Please reproduce all of the listing below exactly and drop its images.

=== Recorded data ===
---*---
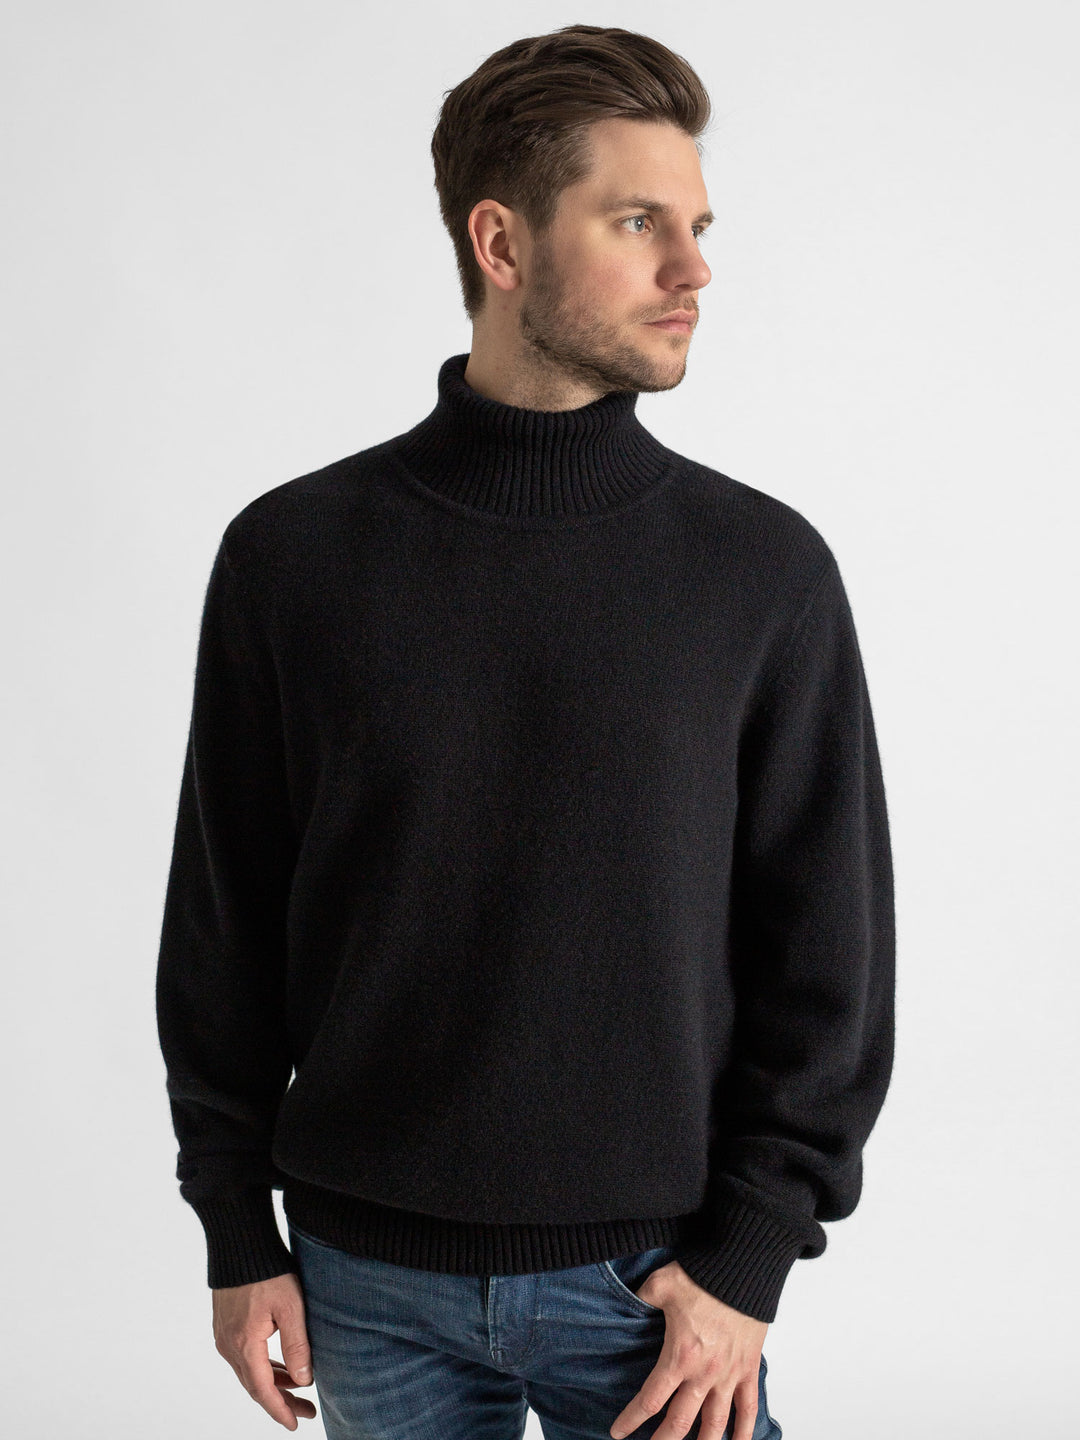 Turtle neck cashmere sweater. 100% cashmere. Scandinavian design. Color: Black
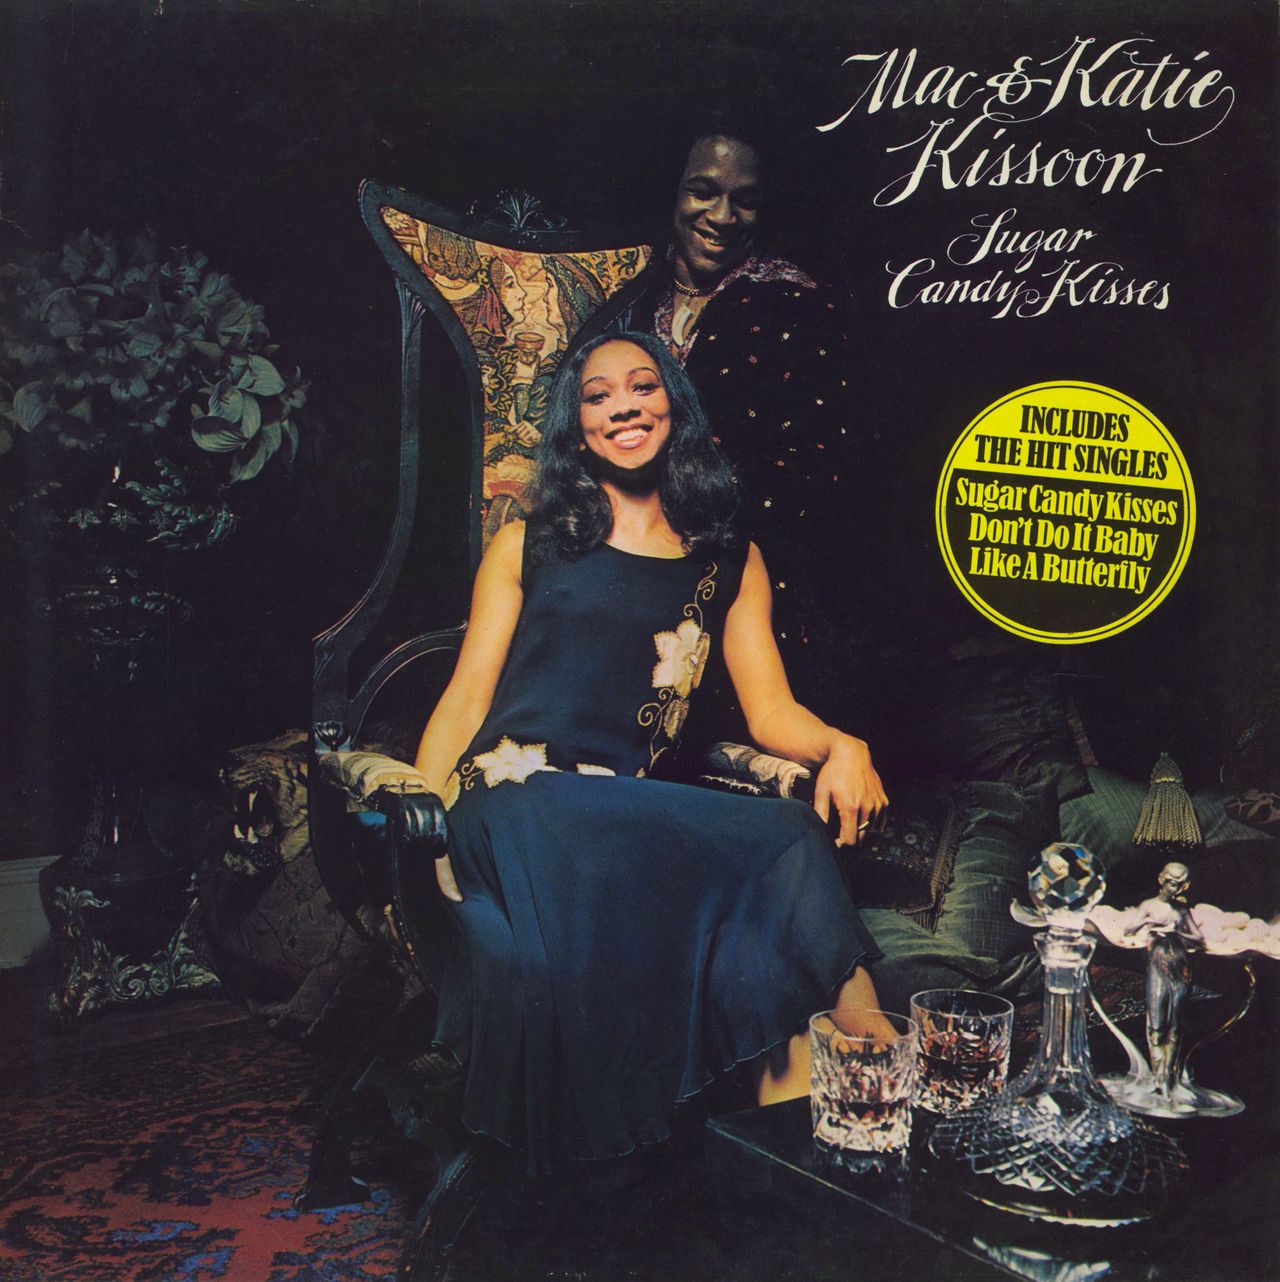 Mac & Katie Kissoon Sugar Candy Kisses - Stickered Sleeve UK vinyl LP album (LP record) ETAT002
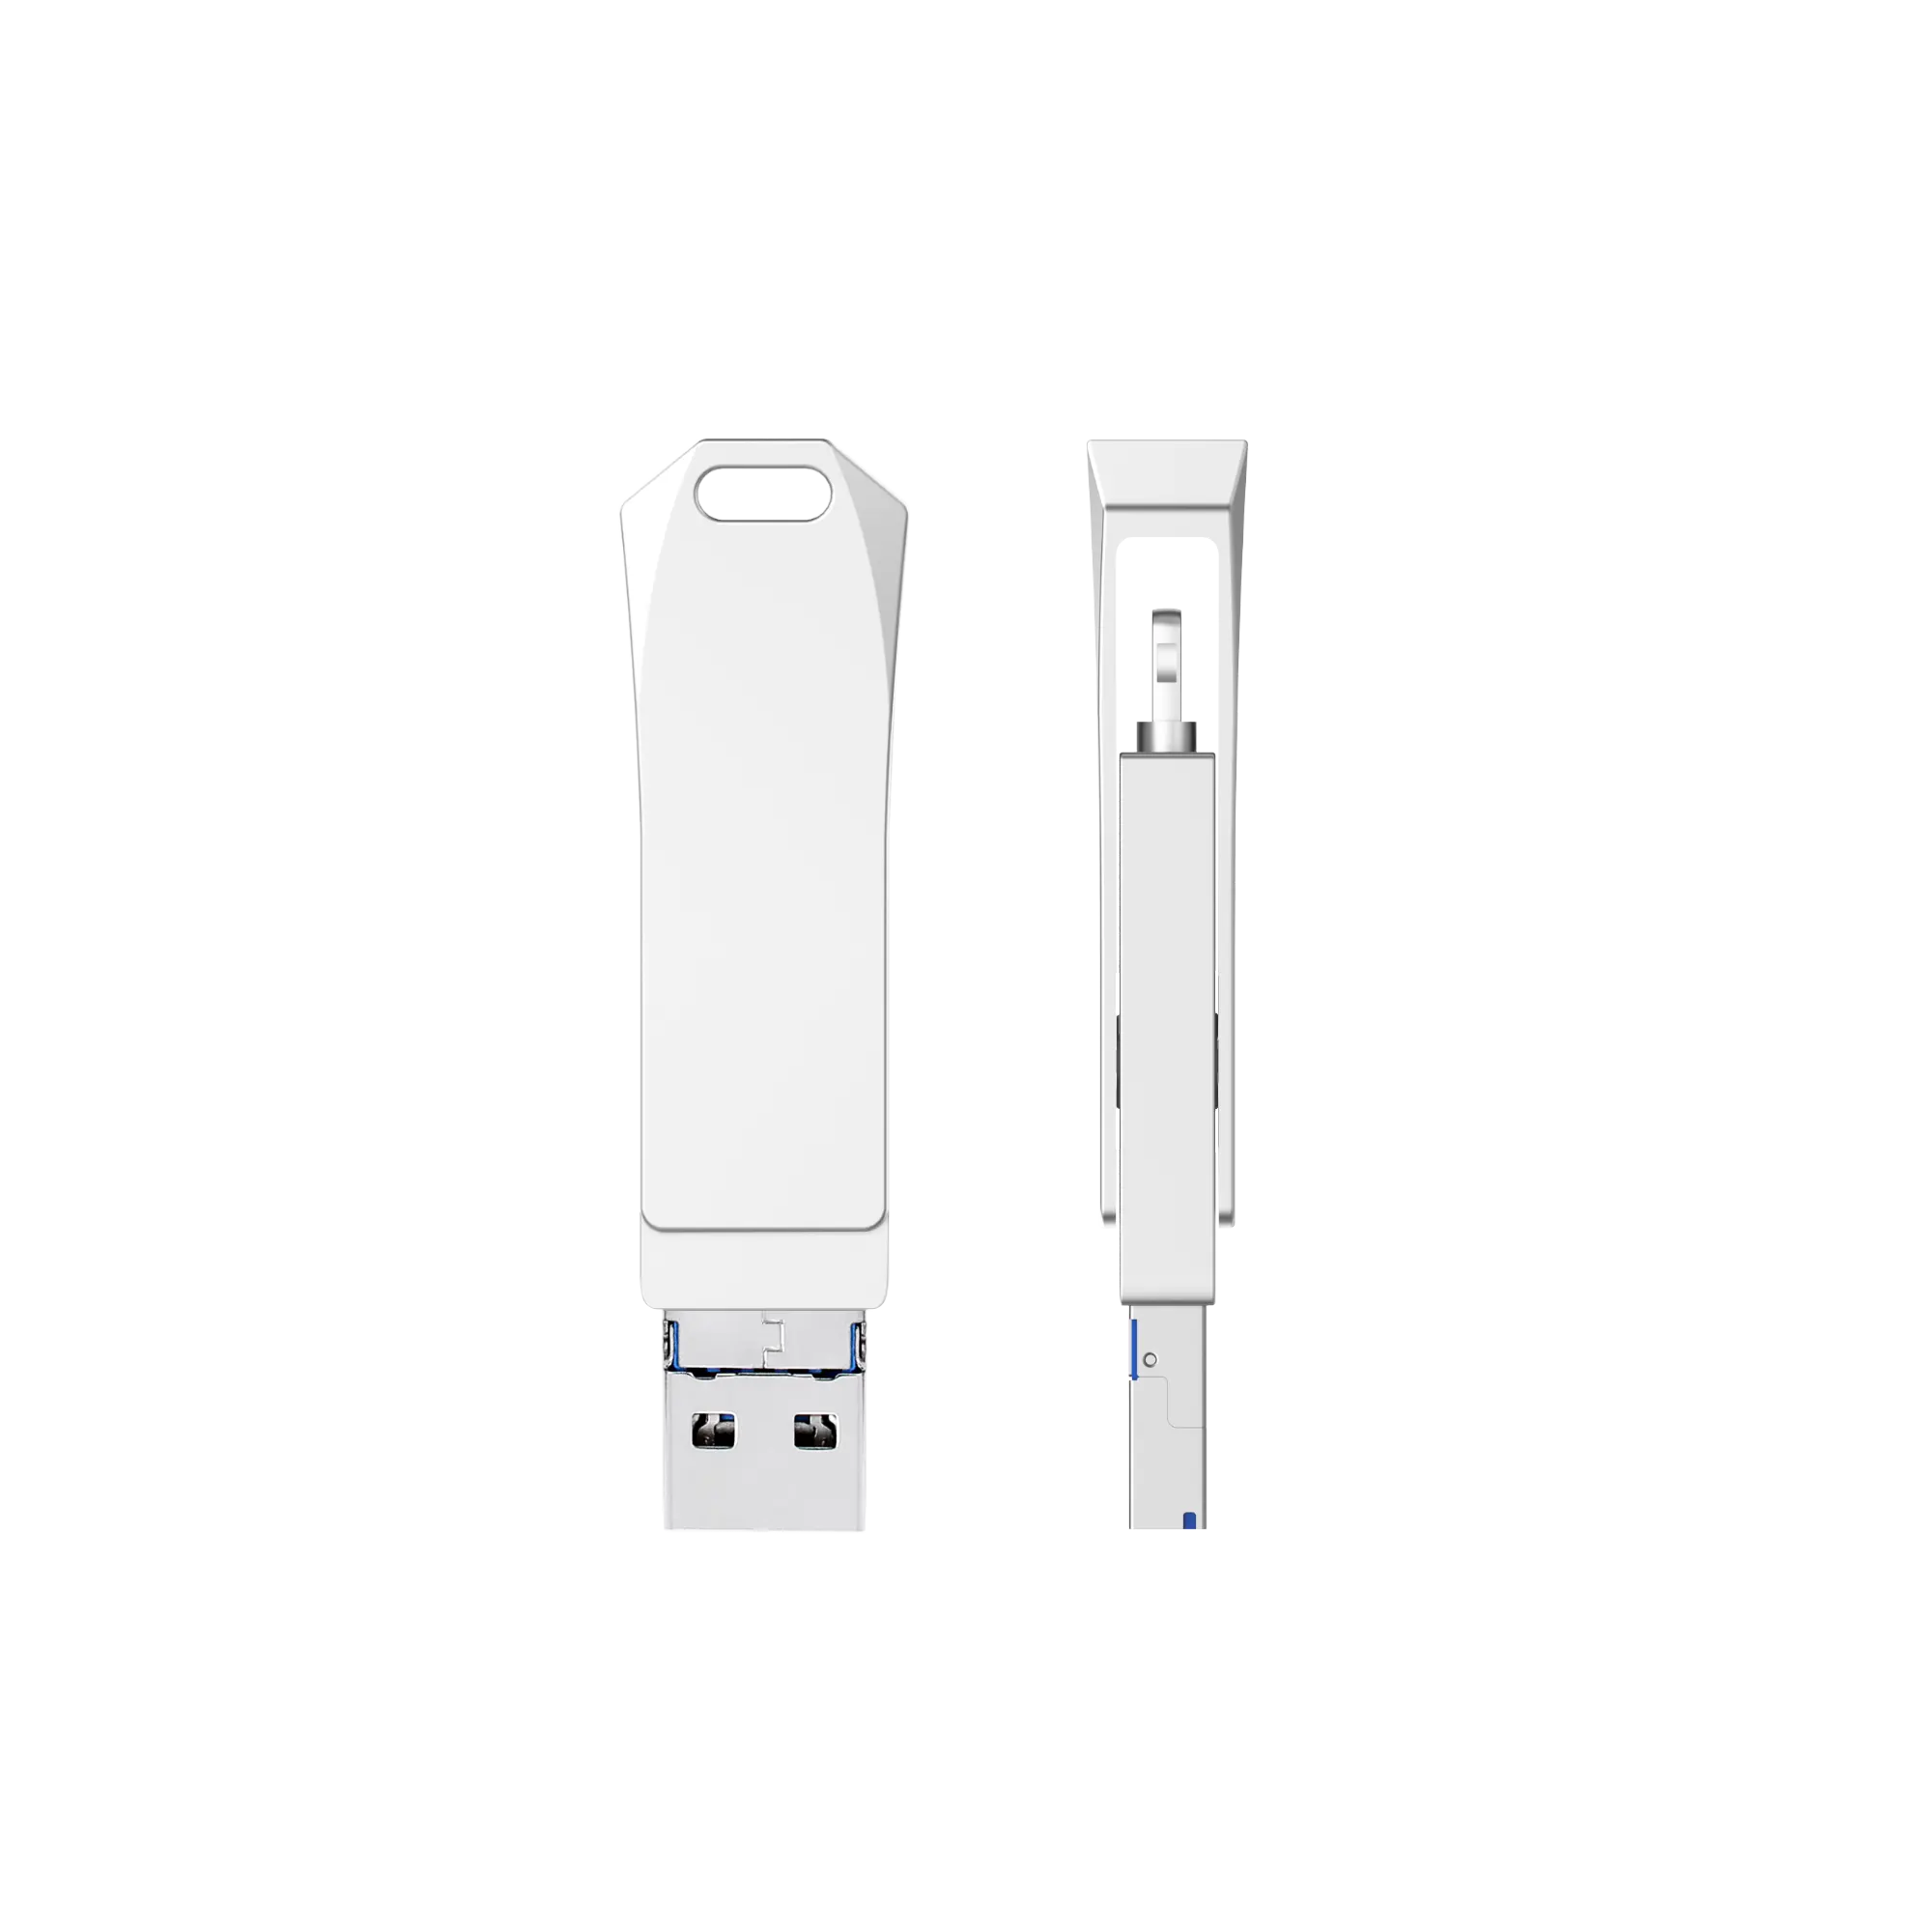 3 in 1 USB 3.0 cle Metall USB-Flash-Laufwerk 4 in 1 32GB 64GB 128GB OTG USB-Flash-Laufwerk Gerät für iPhone OTG
---*---
=== Solution to the exercise ===
 Turtle neck cashmere sweater. 100% cashmere. Scandinavian design. Color: Black
 Mac & Katie Kissoon Sugar Candy Kisses - Stickered Sleeve UK vinyl LP album (LP record) ETAT002
 3 in 1 USB 3.0 cle Metall USB-Flash-Laufwerk 4 in 1 32GB 64GB 128GB OTG USB-Flash-Laufwerk Gerät für iPhone OTG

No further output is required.